Is the service responsive?

We found the service was responsive to people because their needs had been assessed before they used the service. Records confirmed people's involvement at care plan reviews to ensure their needs were being met. Care and support had been provided in accordance with people's wishes, for example, care was delivered at their preferred time.

People knew how to make a complaint and who to go to if they were unhappy.

In each person's home we visited we saw a copy of the complaints procedure in the provider's 'Service User Guide'. We noted there were no recorded complaints. People told us when they had informed the provider of any concerns these had been addressed promptly, to their satisfaction. However, relatives of one person told us that a recent concern raised with the registered manager had still not been addressed to their satisfaction.

Is the service well-led?

We found the service was not well led because there was no system in place to ensure the feedback of all people who used the service, their relatives and staff were regularly sought by the provider to improve the service. The provider did not carry out quality spot checks to monitor the quality and safety of services provided to people in their own homes. This was confirmed by all people and relatives we spoke with.

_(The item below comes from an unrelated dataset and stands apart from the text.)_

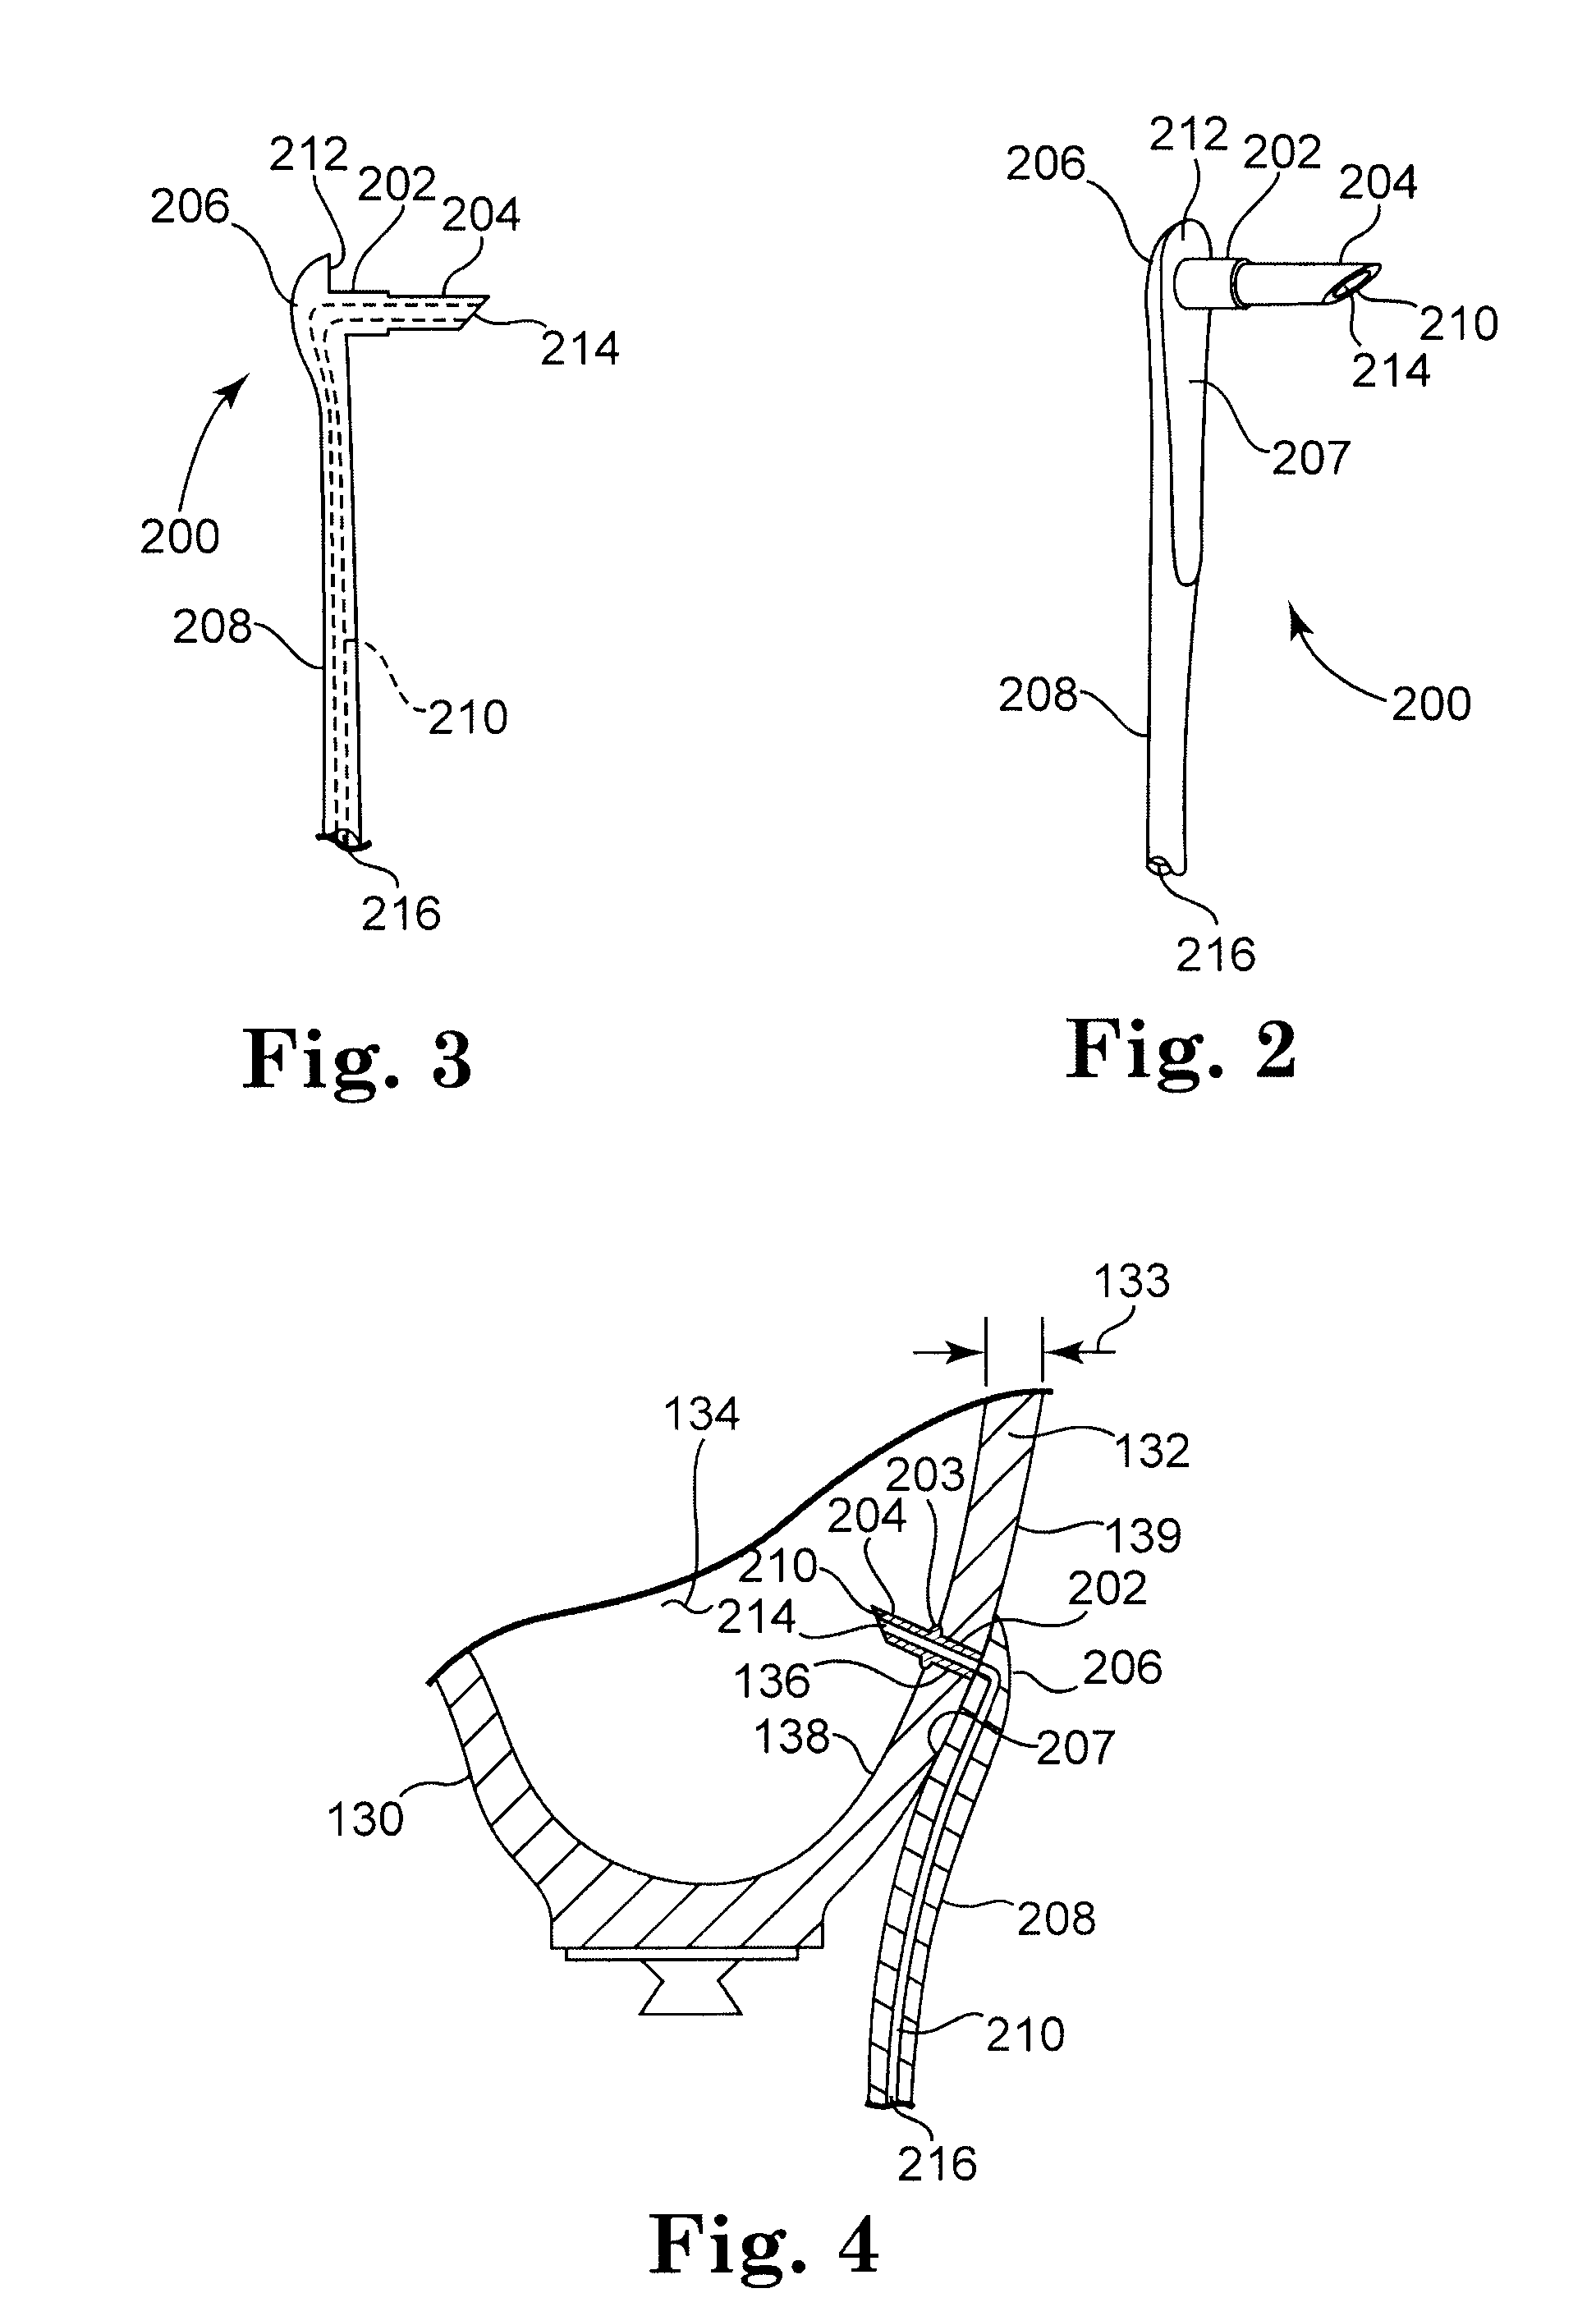 Pneumatic connections for prosthetic socket
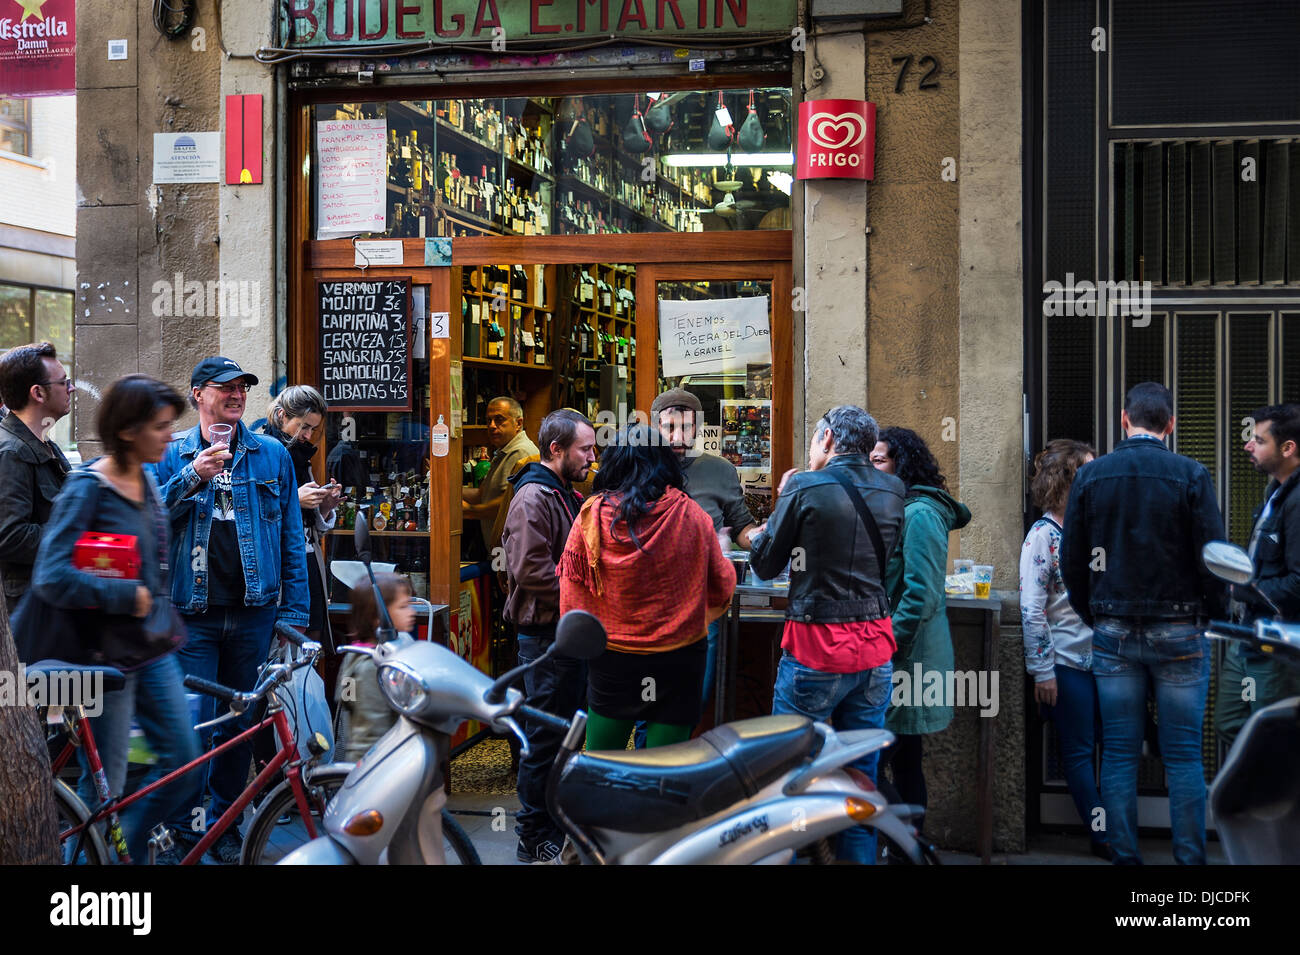 Bodega patrons spill out into the street to socialize and consume wine and beer, Barcelona, Spain Stock Photo

People told us their feedback was sometimes sought when the manager visited their home to provide personal care. There was no system for recording the outcome of such visits. The provider showed us examples of actions taken in response to comments from people, such as a review of visit times to meet their wishes and suggestions. This meant the provider had acted on feedback received from some people to improve the service. However, relatives of one person we spoke with told us concerns they had raised with the registered manager had not been addressed to their satisfaction.